I believe that each of us does indeed have a personal mythology. The degree to which we are conscious of that mytholgy, the elements it contains, and how it operates, varies tremendously from person to person. Personal growth (and psychotherapy as one of the tools for personal growth) could be seen as the attempt to learn about our personal mythology, to bring it into the light of consciousness, and to bring our lives and choices into better congruence with it.

As a dreamworker I occupy a front row seat at this theatre, witnessing the most fascinating unfoldings as clients discover their personal mythologies. After all, dreams (especially big dreams) are made from the same material as mythology; they speak the same language and share the same concerns and desires. But–what if my client is having trouble with dream recall? Where can we turn for our mythic material? I’m going to try the movie scene technique. In fact I think I’ll try it even with my clients who have excellent dream recall, just for a little variety!

When I did this exercise in the workshop I came up with two movie scenes that I witnessed decades ago; they have never left me. The first is a scene from the 1958 Japanese film The Ballad of Narayama. An old woman in a remote mountain village in Japan wants to die because she believes she is no longer able to be a useful and contributing member of her community. She asks her son to carry her up into the mountains and leave her there to die. He eventually agrees and piggy backs his mother far up into the mountains, then reluctantly leaves her to meet her death alone. But it turns out that dying is not such an easy matter…

My second scene was from the 1985 Australian film Bliss.

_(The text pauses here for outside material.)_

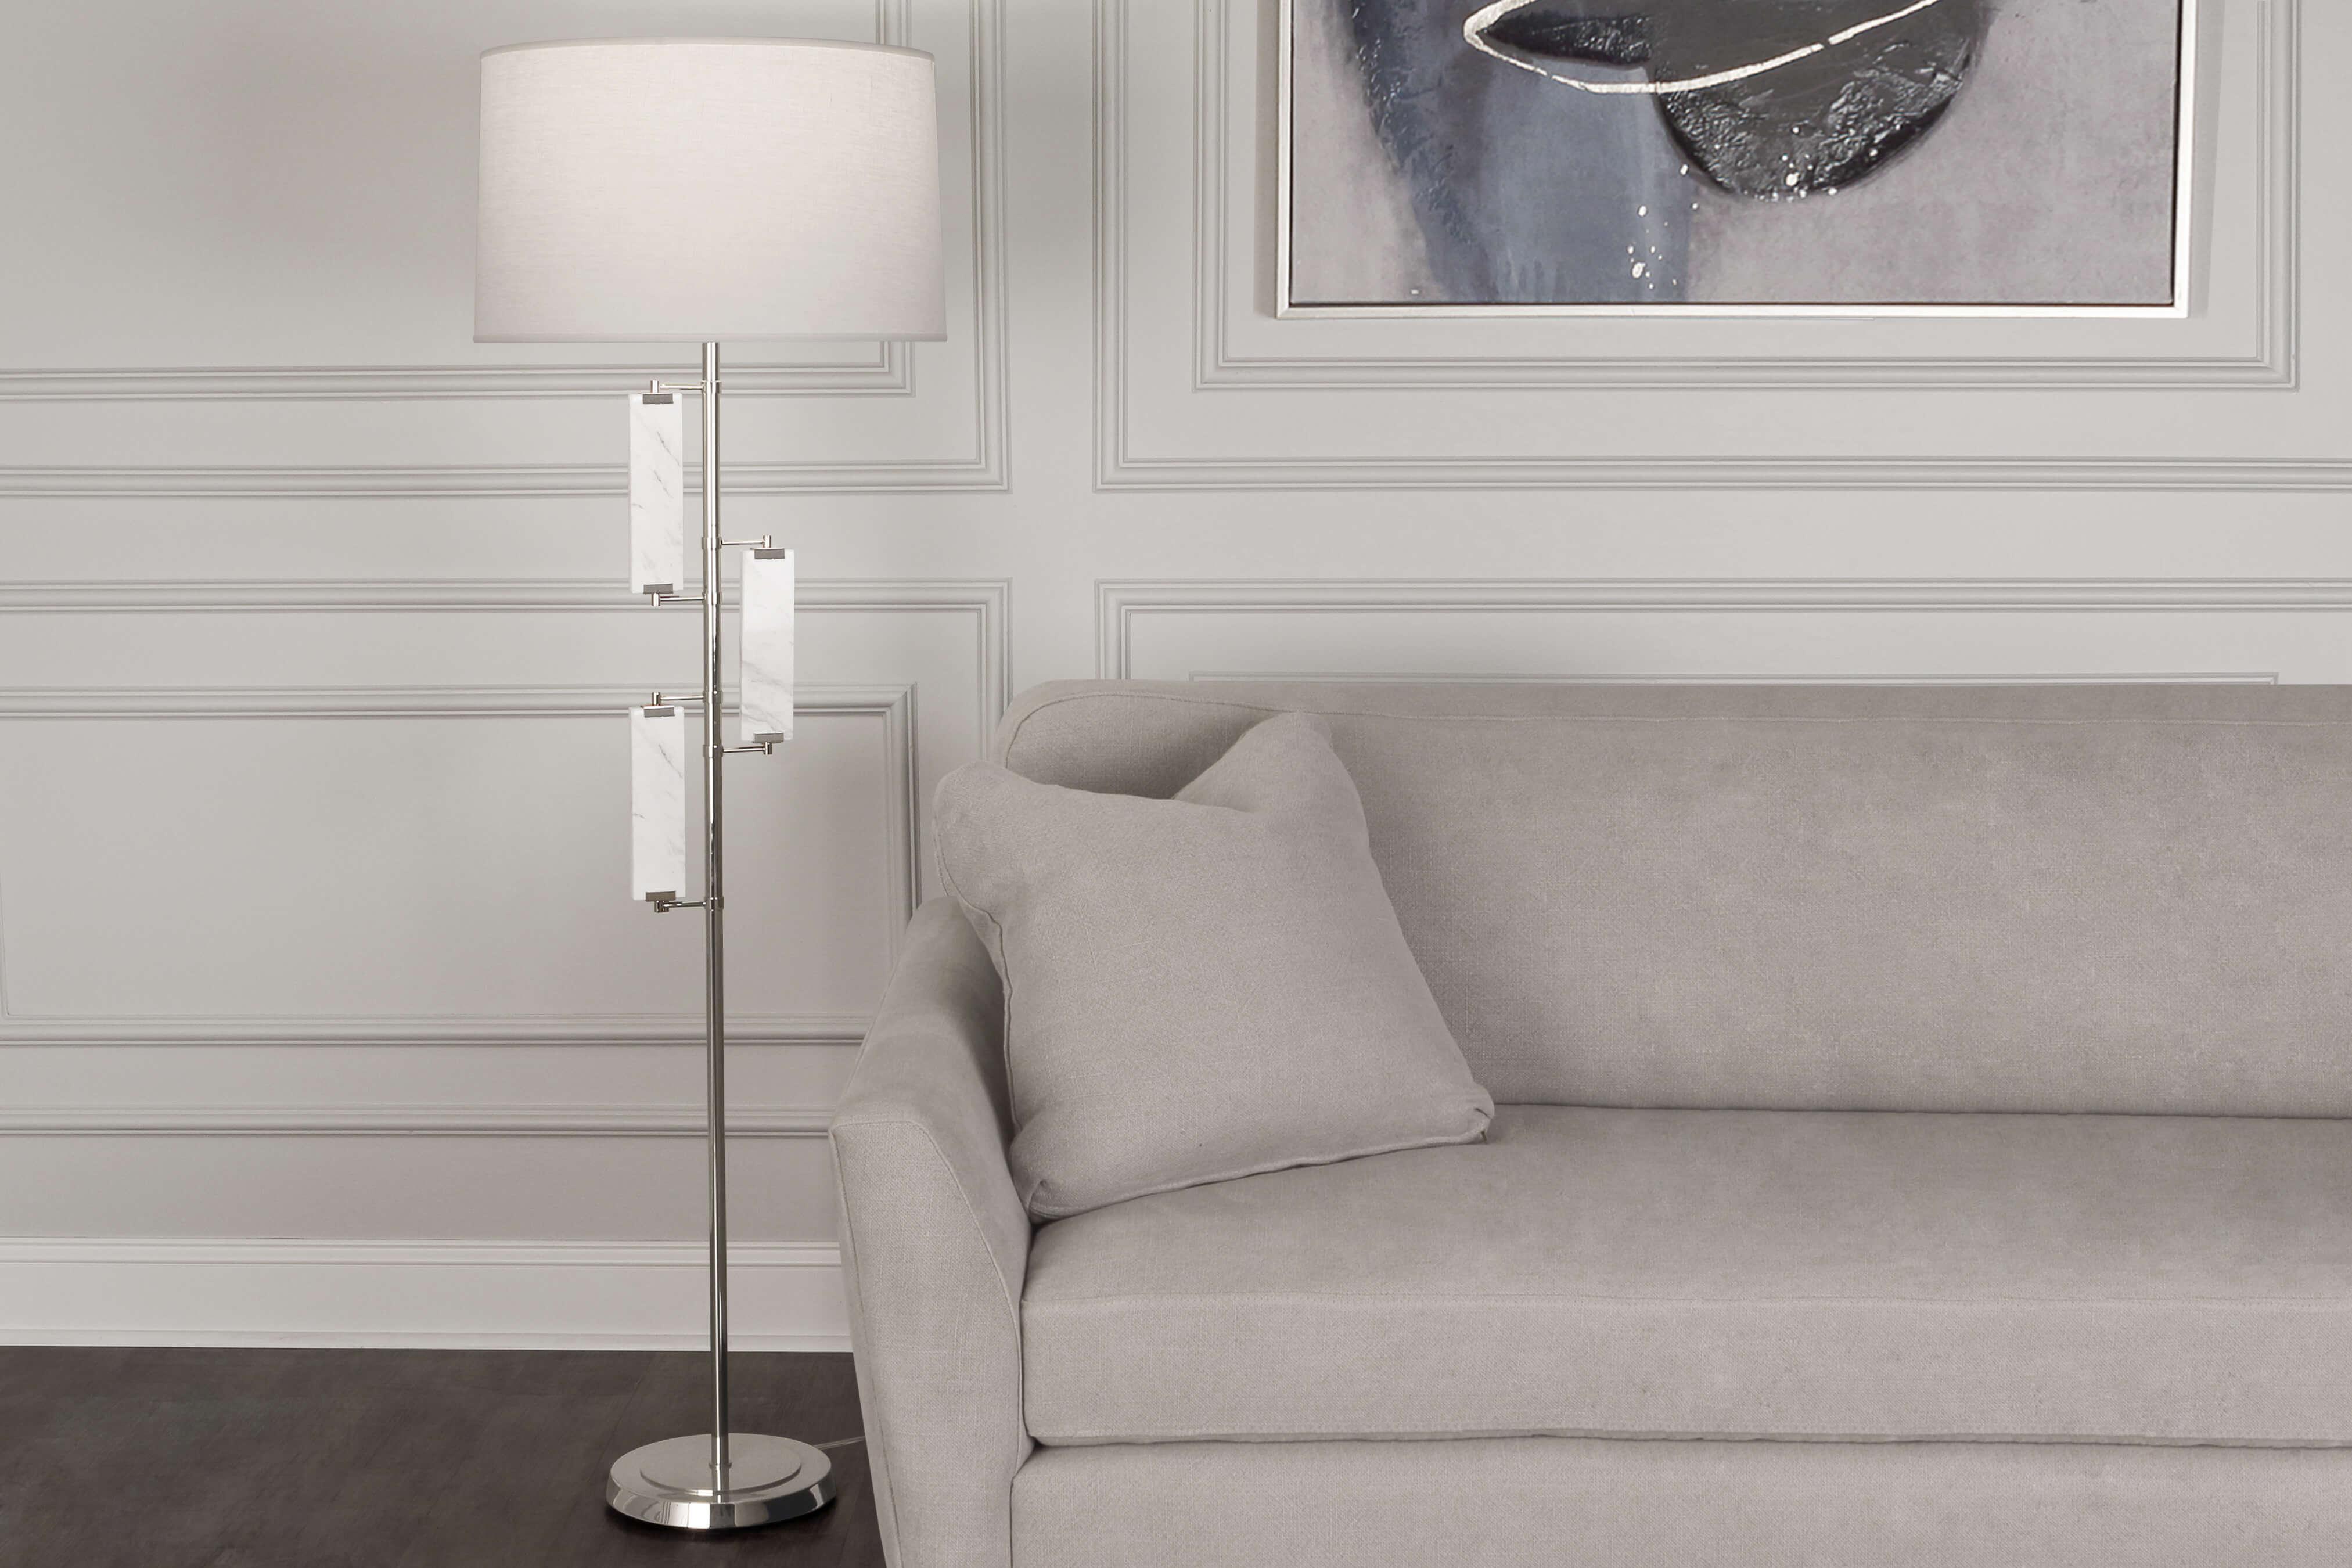 ALSTON FLOOR LAMP by Robert Abbey

In the opening scene a man suffers a massive heart attack and “dies”. His soul leaves his body and moves up, up, up into the sky, farther and farther away from his collapsed body; far below people rush around in panic and the ambulance arrives…but then… his soul comes back down!

When we were asked to examine the scenes we had chosen to see if there was a common theme uniting them, I was struck by the fact that both these people were very close to death, but did not die. The facilitator asked us to articulate the common thread in one sentence. This was my sentence: the soul can leave the body, it often wants to leave the body, but it can also come back; it wants both of these­– to be able to leave, and to be able to come back.

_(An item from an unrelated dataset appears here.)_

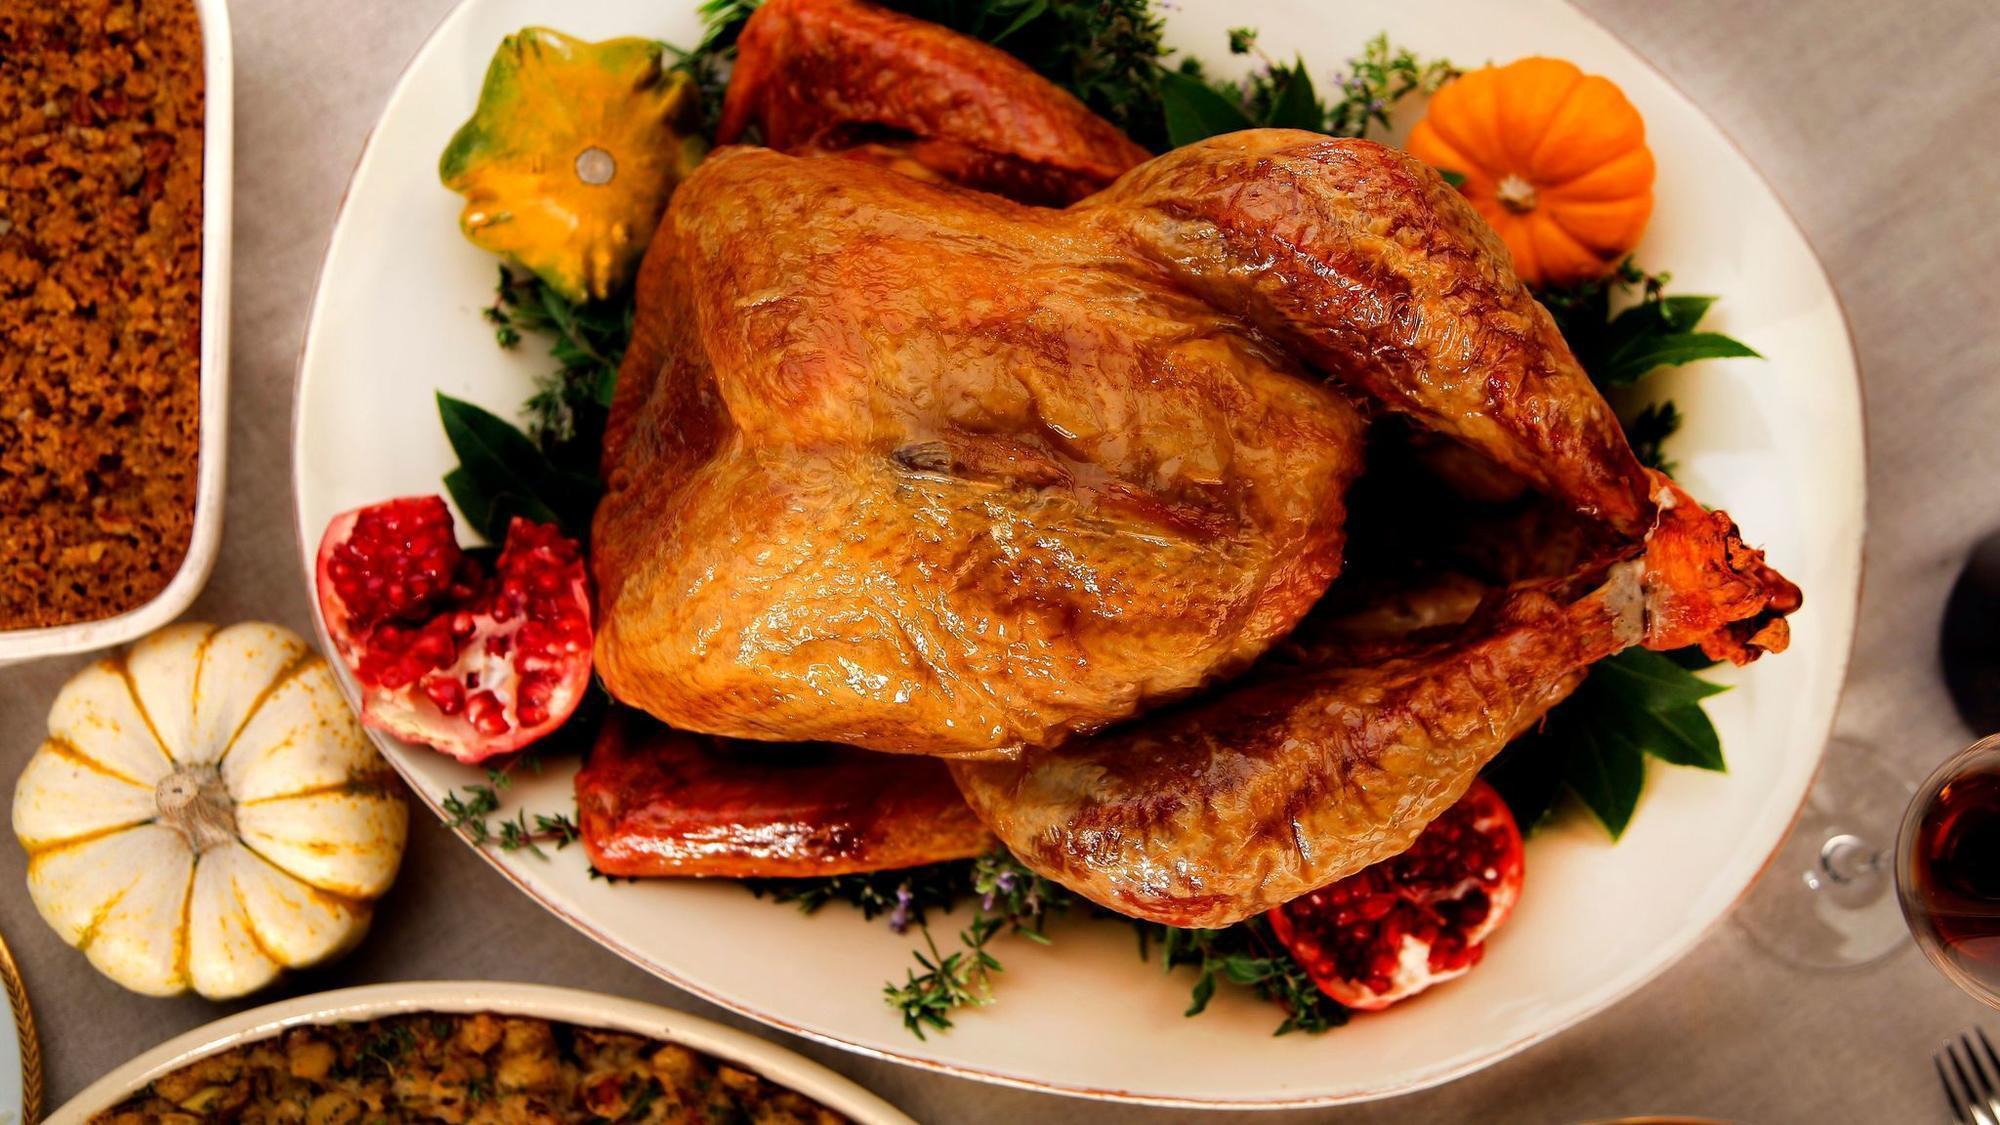 Bake Thanksgiving Turkey  Turkey 101 How to cook a Thanksgiving turkey LA Times

Next the facilitator asked us if we thought this common thread had relevance to our personal myth. I had no trouble seeing a connection. I have always been fascinated by the soul’s relationship with the body, and no doubt this is one main reason that I am so drawn to dreamwork; not only does the soul leave the sleeping body every night in our dreaming, but it returns with messages and insights from its journey. I strongly believe that supporting this soul process of leaving, experiencing, returning, and sharing affords us our most dynamic opportunities for self discovery and growth.

The other aspect of this technique that makes it so attractive is simply that people love to talk about movies. You’ll meet lots of folks who are reluctant to talk about their dreams or are unable to remember them, but have you ever met anyone who wouldn’t want to tell you about a few favorite movie scenes? The (perhaps sad) truth is that, for most of us, we have a better chance of tapping into the mythological realm through movies and television than we do through our own inner dream life.

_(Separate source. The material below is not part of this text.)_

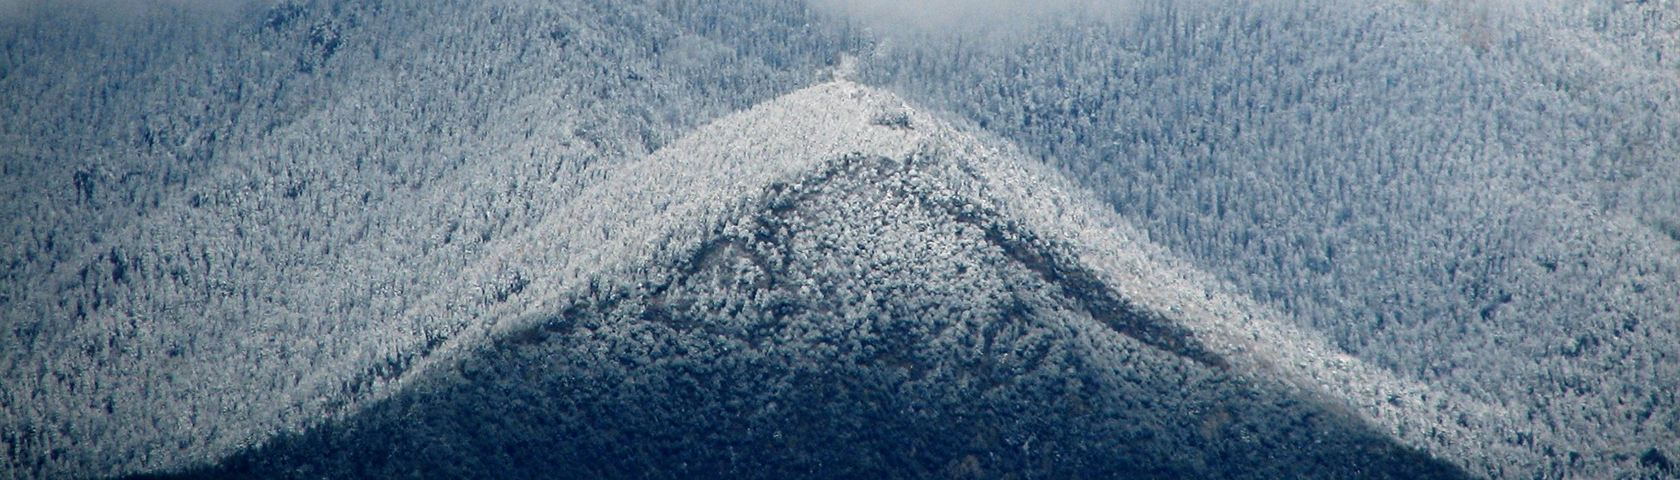 Mountain in Taos Pueblo, NM

So–would you like to give it a try? Think of a scene from a movie that has stuck with you…

Christopher Sowton

Comments
  • Tallulah Lyons Reply

    Thank you for this, Chris. I will try it with my dream group next week. I keep saying that two of the main things we receive from working with our dreams are a deepened relationship with the symbolic realm and also the realization that we can touch into that realm through multiple kinds of experiences. Movies can bring powerful experiences.

  • Patti Allen Reply

    Good article Chris. Ok to share it?